The Legendary Pink Dots – The Maria Dimension (1991)

The Legendary Pink Dots album The Maria Dimension has as Bob Calvert once said on his Captain Lockheed and the Starfighters album, “A magnificent engine of steel and gleam” at its core. I was blown away by this album back in 1991, and felt it was a masterpiece joyfully out of synch with the musical zeitgeist of the time. 23 years on the music still sounds as unique and compelling as it did back then. That said nothing could replace the memory of the first time I played this record on my college radio show. It felt like a sinister interception of a radio broadcast from another planet occupying a space where the Pain teens are hanging with Syd Barrett.
‘Disturbance’ starts the record off with a dense pulsating rhythmic glow bathed in fuzz that hurls us into the inner space of The Maria Dimension. Edward Ka-Spel’s voice rides the shimmering waves of fuzz spinning forth as if we’re travelling deep into a remote frightening corner of the universe where we stop to observe the event horizon.
Now that we are far from anywhere safe ‘Pennies For Heaven’ tells us the story of a plane crash, where as Ka-Spel states “we dined upon the wreckage”. Clearly disturbed by this life where we are constantly under pressure to form and reform ourselves to suit the circumstances Ka-Spel puts forth that “we’re forced to crawl through needles eyes.” The song then kicks into a funerary dirge and then into a militaristic rat-a-tat-tat of the snare, which carries the song to its conclusion.
‘The Grain Kings’ based on the Keith Roberts novel of the same title is a grim mechanized song that sounds as if we are caught inside a corn thresher.
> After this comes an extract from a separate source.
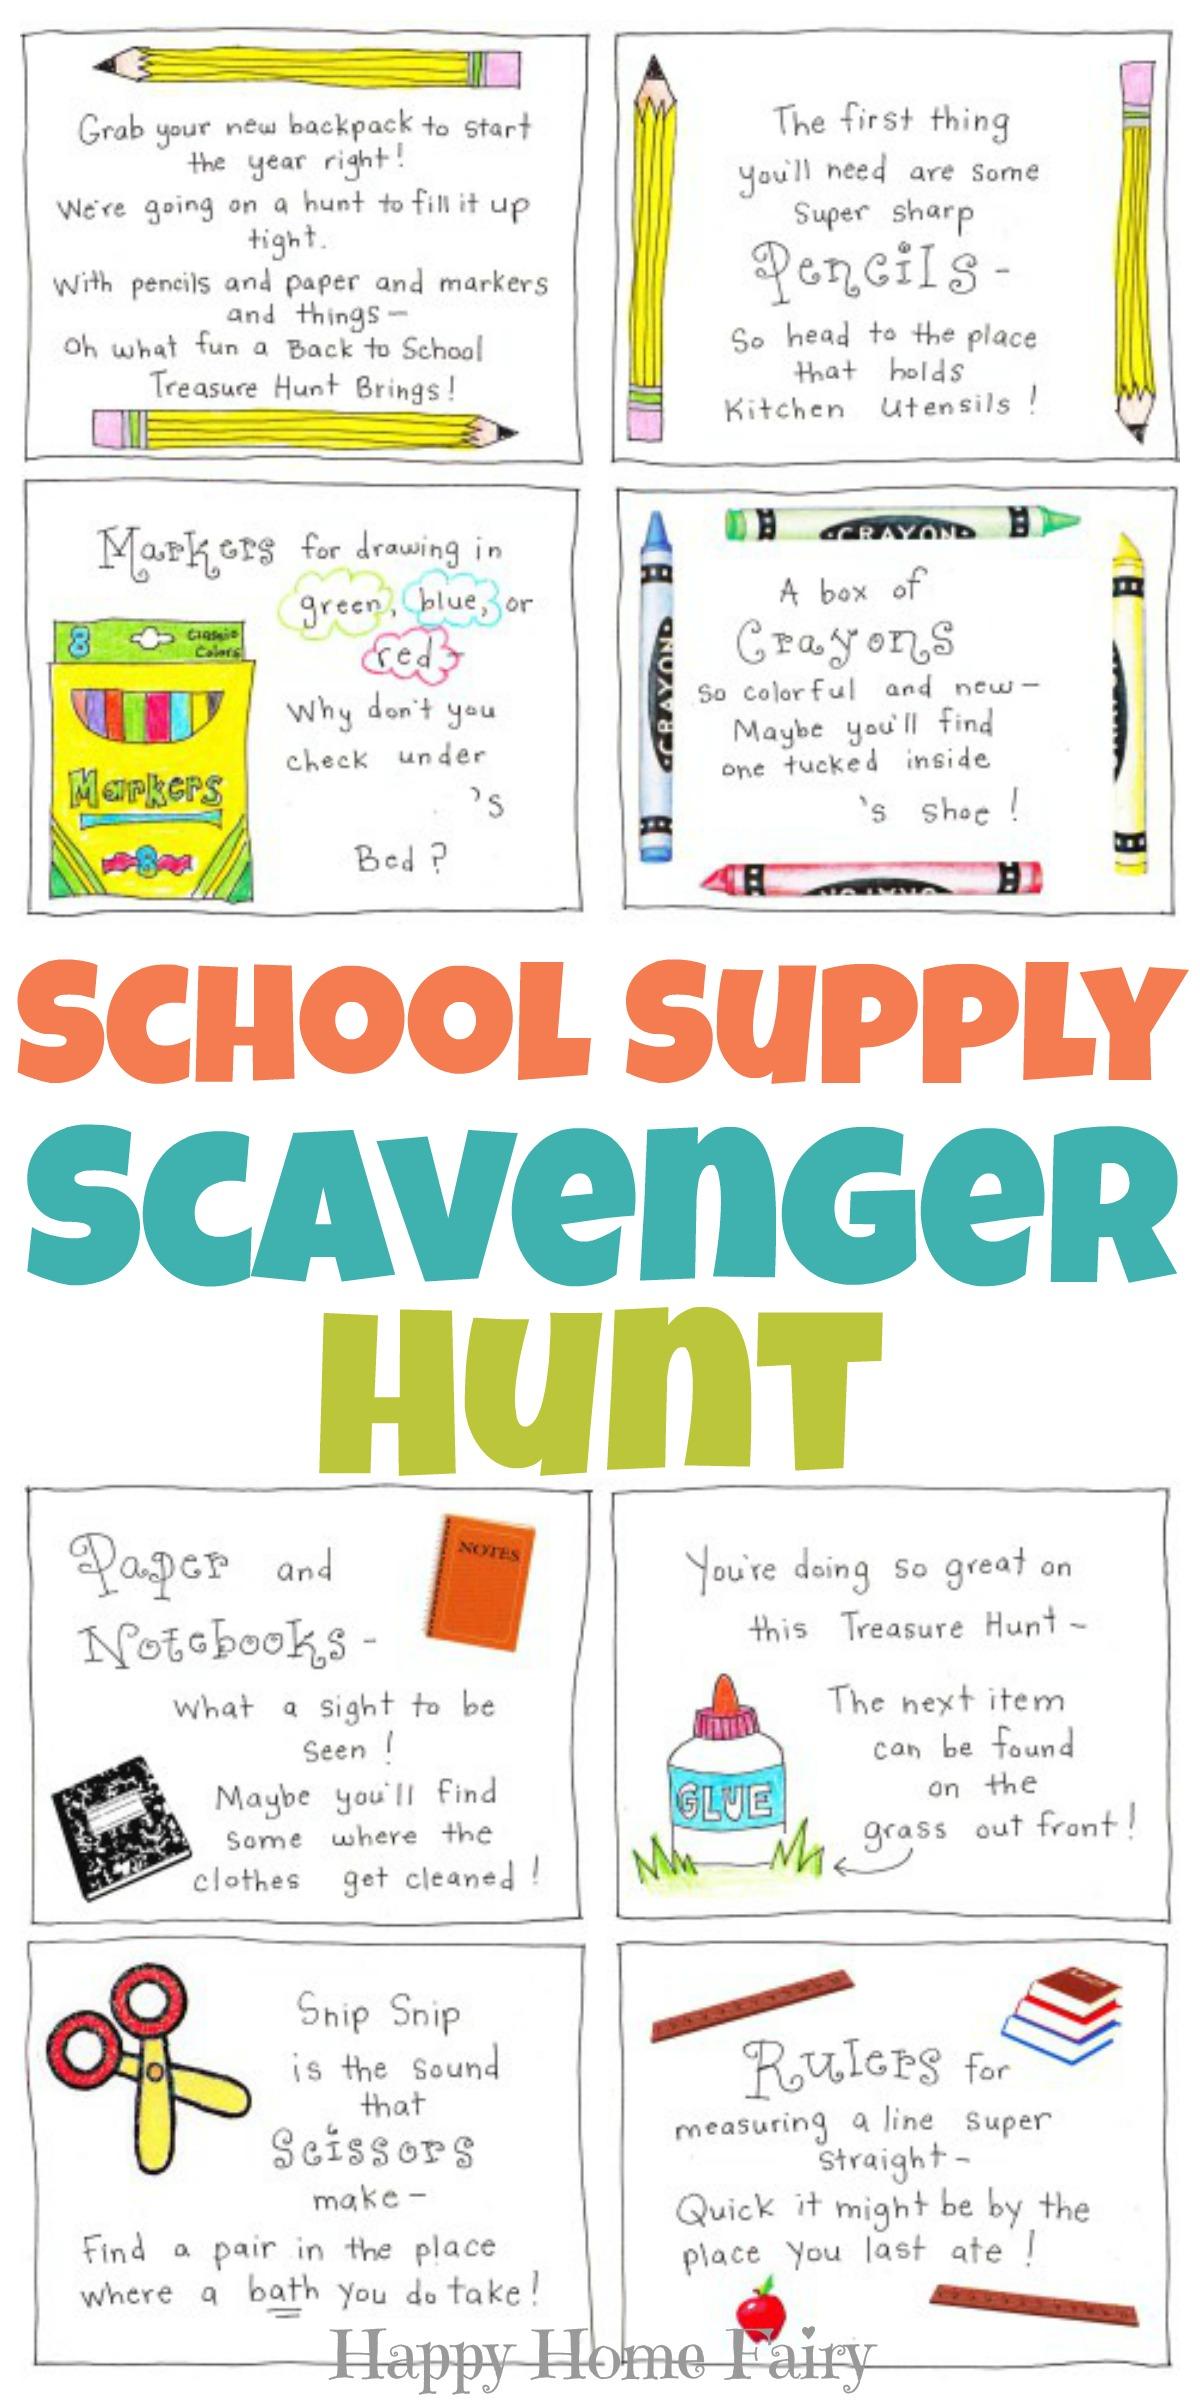 image about Free Printable Scavenger Hunt identify College or university Offer Scavenger Hunt - Totally free Printable! - Joyful Property

To quote the book, “They call them the Grain Kings. Gigantic mechanical monarchs of the wheat-bearing plains…” This song has a very Hawkwind vibe to the guitar keyboards and bass. This is a dark apocalyptic vision of the world where humans are once again enslaved and at the mercy of those who control the food supply.
‘Belladonna’ is the prettiest song on the record and captures beautifully the hallucinogenic haze of being lost in the Maria Dimension. Ka-Spel’s narcotic restrained vocals are set against a delicate acoustic strum.
In fact you could say that this whole album seems informed and bathed in the hazy glow of numerous illicit substances.
23 years later I find the rest of the album to have some compelling moments but nothing reaching the sonic heights of the above-mentioned songs, which ultimately lessens the overall listening experience. This is where sequencing comes in and why it is so critical to creating an album’s overall narrative whether intended by the band or not. The tracks I’ve mentioned above make a far more gripping argument for the Maria Dimension’s dark spacey underpinnings and fit more with the overall package of the album’s floating religious snow globe capsules.
Where The Maria Dimension works best is when the band let their psychedelic fancies fly free. Lyrically this is some of Ka-Spel’s best work as it’s both intimate and claustrophobic. The album feels as if you are being sucked further and further into interstellar space, and while The Dots are still a going concern they have never topped this in terms of depth and coherence.